1. Data science, in simple terms, focuses on making sense out of data (often in large amount) i.e. a collection of figures/numbers. The data may be structured or unstructured and a data scientist will collect this data, use the combined knowledge of statistics, math, and programming to clean the data and present it in a human understandable form.
This further leads to making predictions, identifying patterns, etc. which in turn can be used to create data products. Few examples of data products- self-driving technology making use of computer vision to identify traffic lights, pedestrians, vehicles on road etc., youtube’s video suggestions are tailored based on each person’s viewing history, email spam filters process mails by certain keywords, sender address etc. and determine if it is junk or not. 2. Data science and big data analytics are closely related.
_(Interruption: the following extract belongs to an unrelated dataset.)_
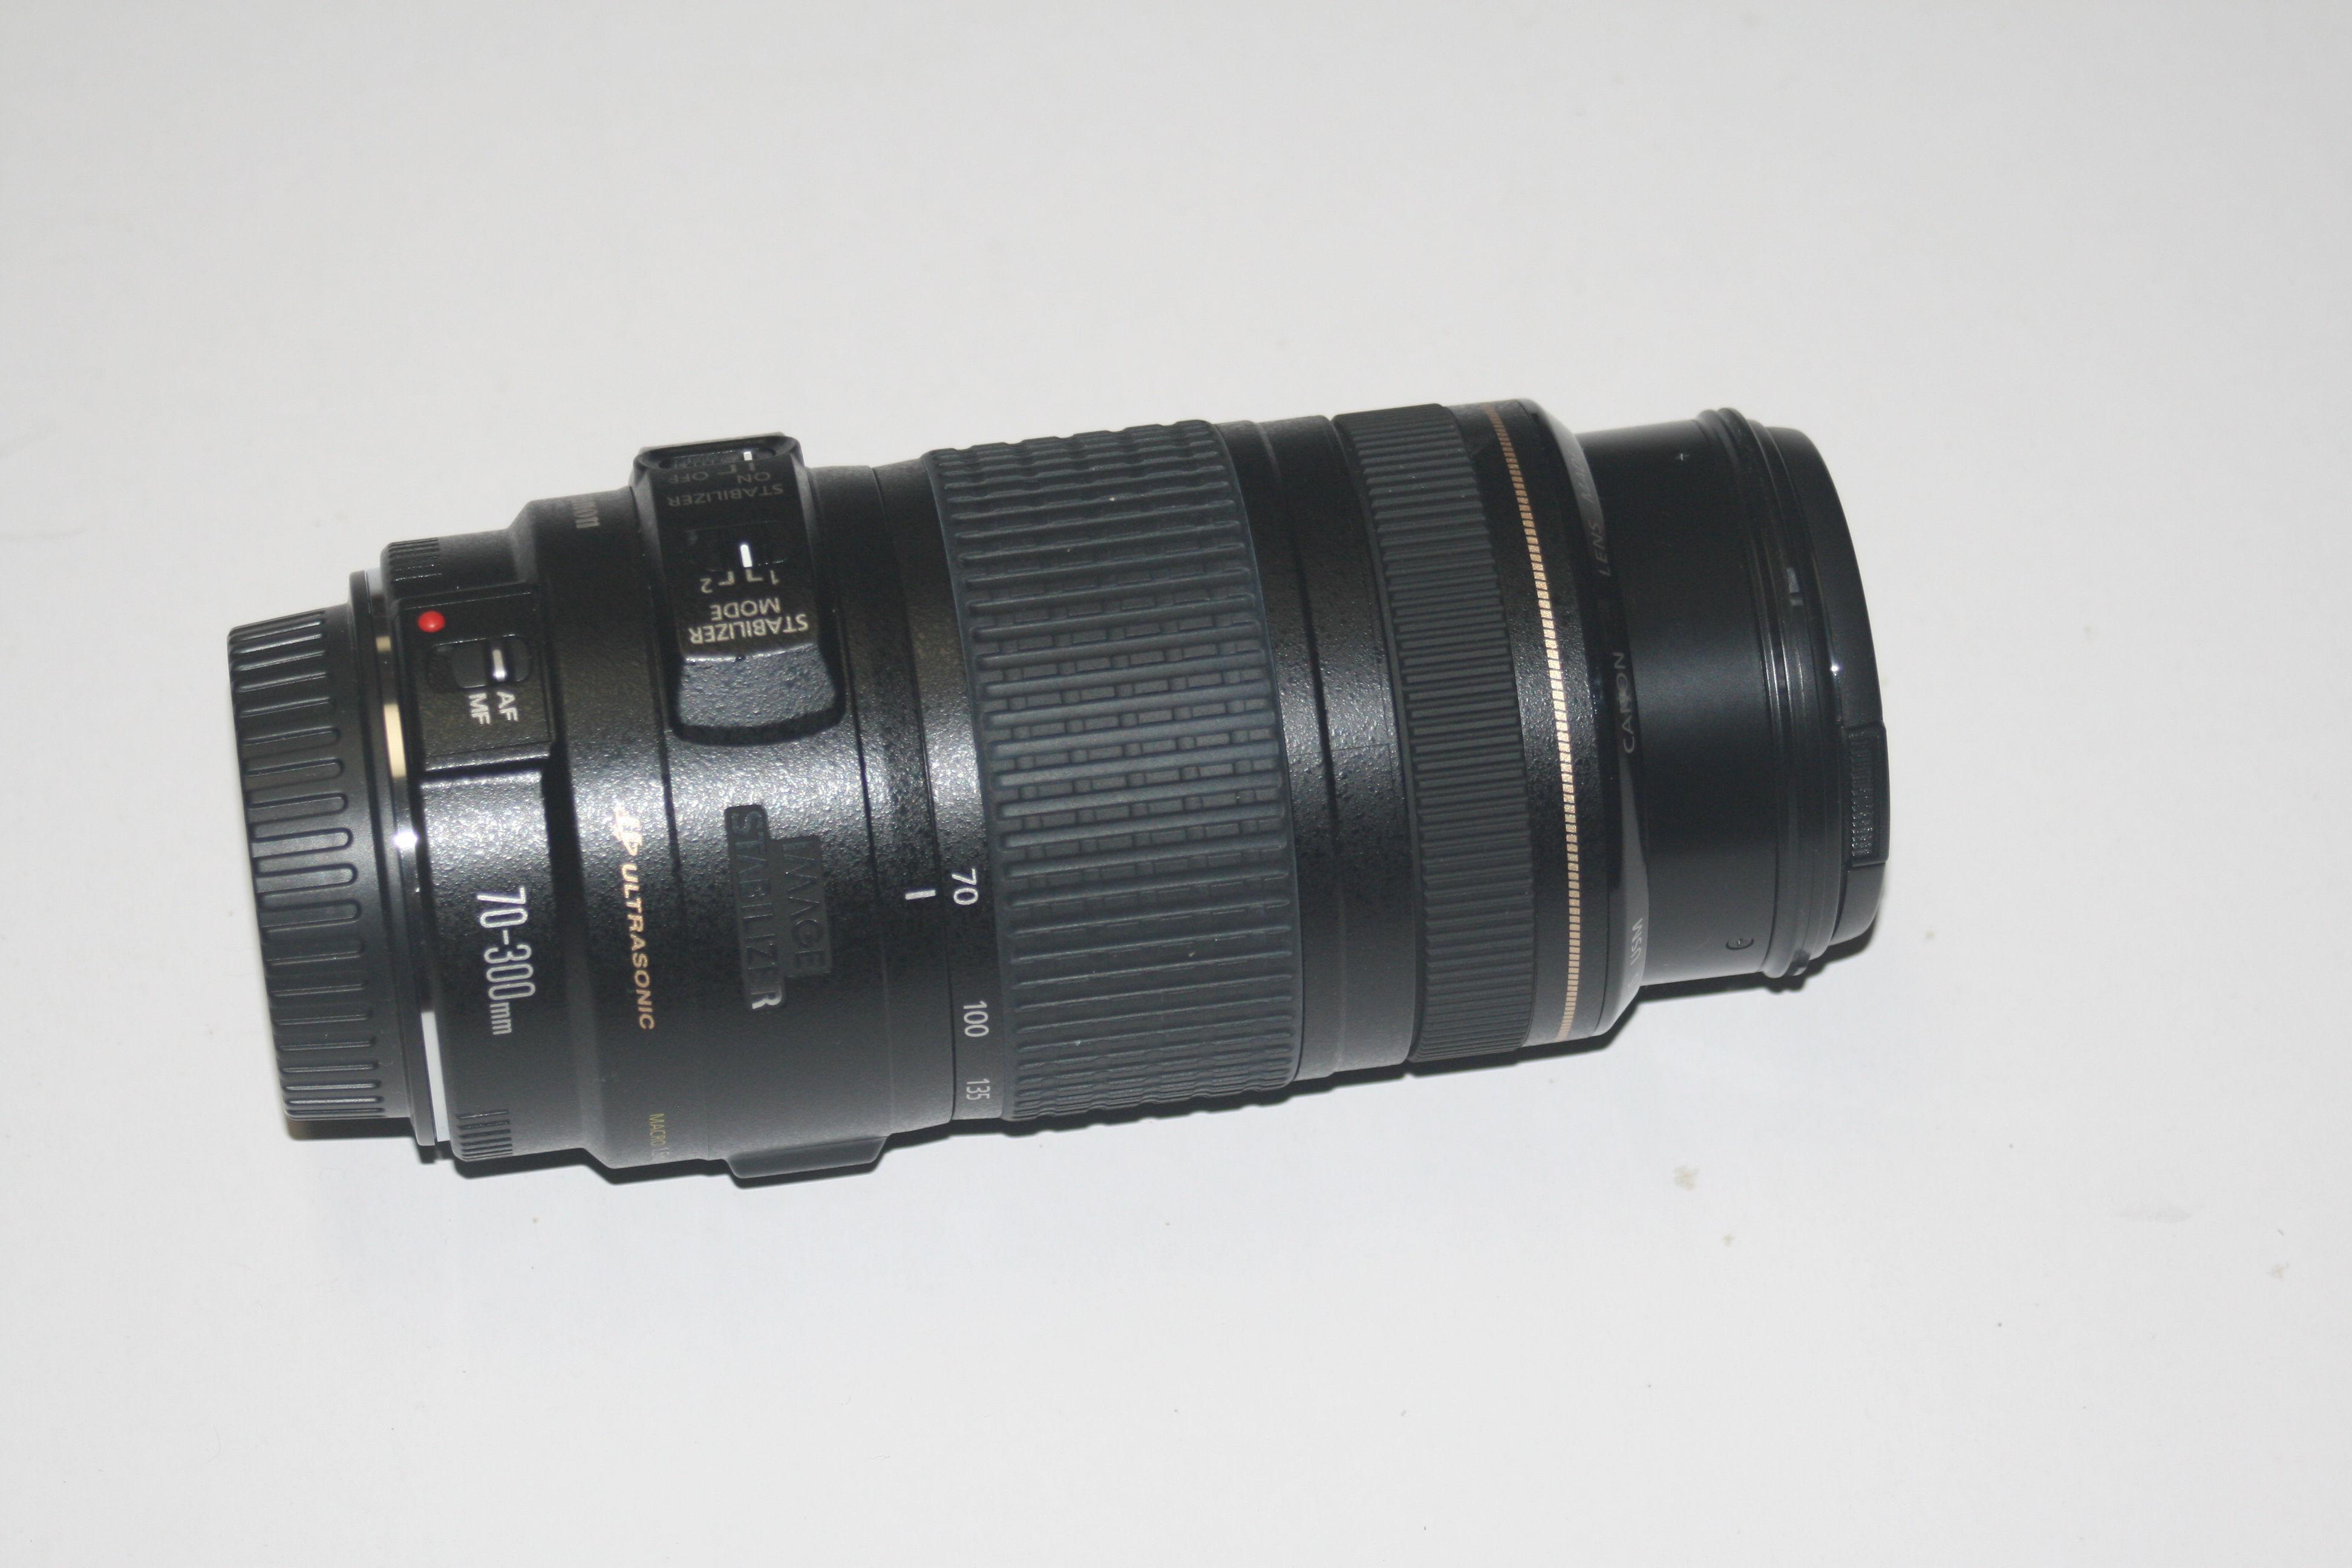 Canon Image stabilization 70-300 Lens image 1

Data scientists collect the data and use their knowledge of math, statistics, programming, information science etc. to clean data, identify patterns, extract information out of that data. Thus data science can be considered as a wider term for the numerous different techniques that can be used to extract information from data. Similarly, big data analytics can be termed as the techniques used in order to process raw data in huge quantity, which is often impossible to store on a single machine, in order to enable an organization for effective decision making. An example of this can be Youtube’s recommendations which are different for each user based on their search and viewing history collected over a long period of time. With the increasing size of data there arises the need for new technologies to analyze the data. The humongous size in itself is a big factor which limits the use of traditional techniques.
Often the data is so big that it has to be stored on multiple systems and producing results in a reasonable amount of time is rarely possible, thus we need some distributed way to process the data. One such technique is Map-Reduce which makes use of distributed file system and different machines working together to process and analyze the data being fed to it. Some other tech 3.
Map reduce framework contributes to solving the problem of big data processing by processing the data in smaller chunks with the help of a large number of commodity hardware. Map-Reduce originated at Google in 2004 on which the Hadoop architecture is built. It consists of two components viz.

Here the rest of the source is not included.